Shallow water models may also include Turbulence terms which have been omitted from the current version of Tensys Hydro. Turbulent flow calculations are difficult to implement and equally difficult to validate. The addition of Turbulence terms would thus not guarantee improved simulation accuracy, particularly when steady state results are required.

 

Validation

The Hydro tool has been calibrated against a variety of published example cases and assessed against three distinct criteria.

1.       Is the software implementation bug free?

2.       Is the algorithm able to model the shallow water equations accurately?

3.       Are the shallow water equations suitable for use for this kind of problem?

Items 1 and 2 have been addressed by comparison with analytical, numerical, experimental and real world results. Published data is used to verify the simulation output in conjunction with manual verification to check the results appear feasible. A selection of images from validation studies are shown below.

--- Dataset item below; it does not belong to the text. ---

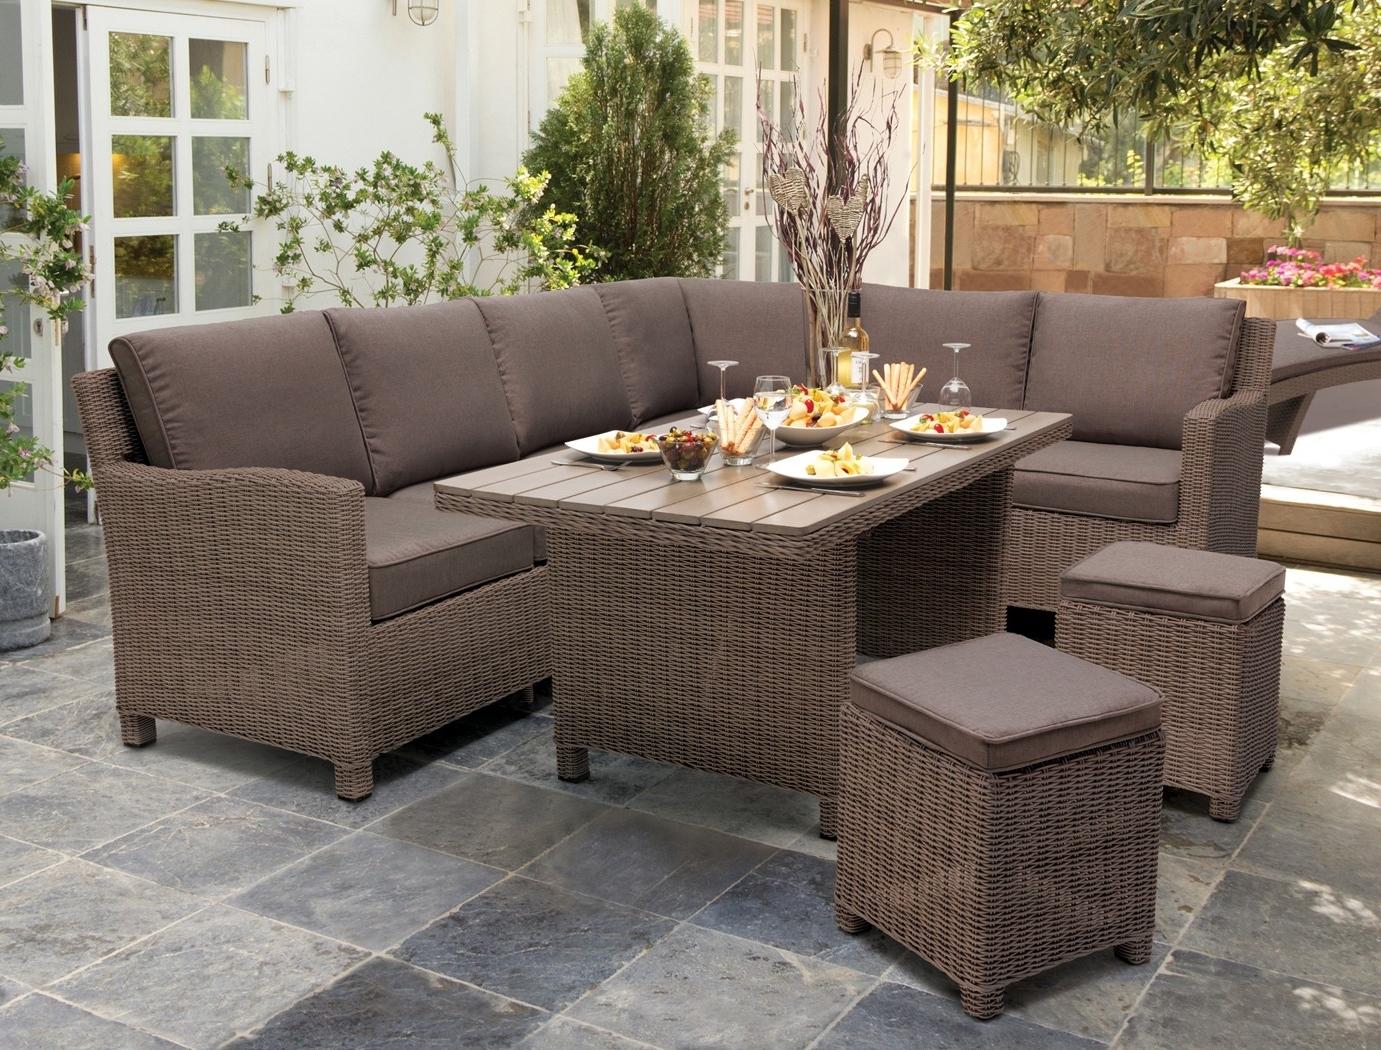 Kettler Palma Corner Set – Kettler Furniture – Patio Furniture For Most Popular Krevco Patio Umbrellas (View 4 of 20)

Item 3 on the validation checklist is by far the hardest to quantify without structure specific experimental data. Published literature is also non-specific about the maximum slopes permissible for shallow water theory. Water depth is also sensitive to the surface friction parameters which may not be known for the surface in question. Results on water depths for steep slopes (> 10°) must thus be used with care, particularly for simulations of transient waves. 

 

Application

In engineering design it is generally the fluid distribution in the steady state condition is of most interest, and for this latter case the Tensys Hydro solver can be used with a high degree of confidence. In the steady state, what comes in must come out again, and thus the software can be used to assess flow rates at outflow drainage points under constant rain loading.

The determination of local water velocity and depth is limited by the need to provide realistic assessments of turbulence and friction factors. Without careful calibration against experimental testing for a similar problem, industrial applications of Tensys Hydro should focus on flowrate assessment.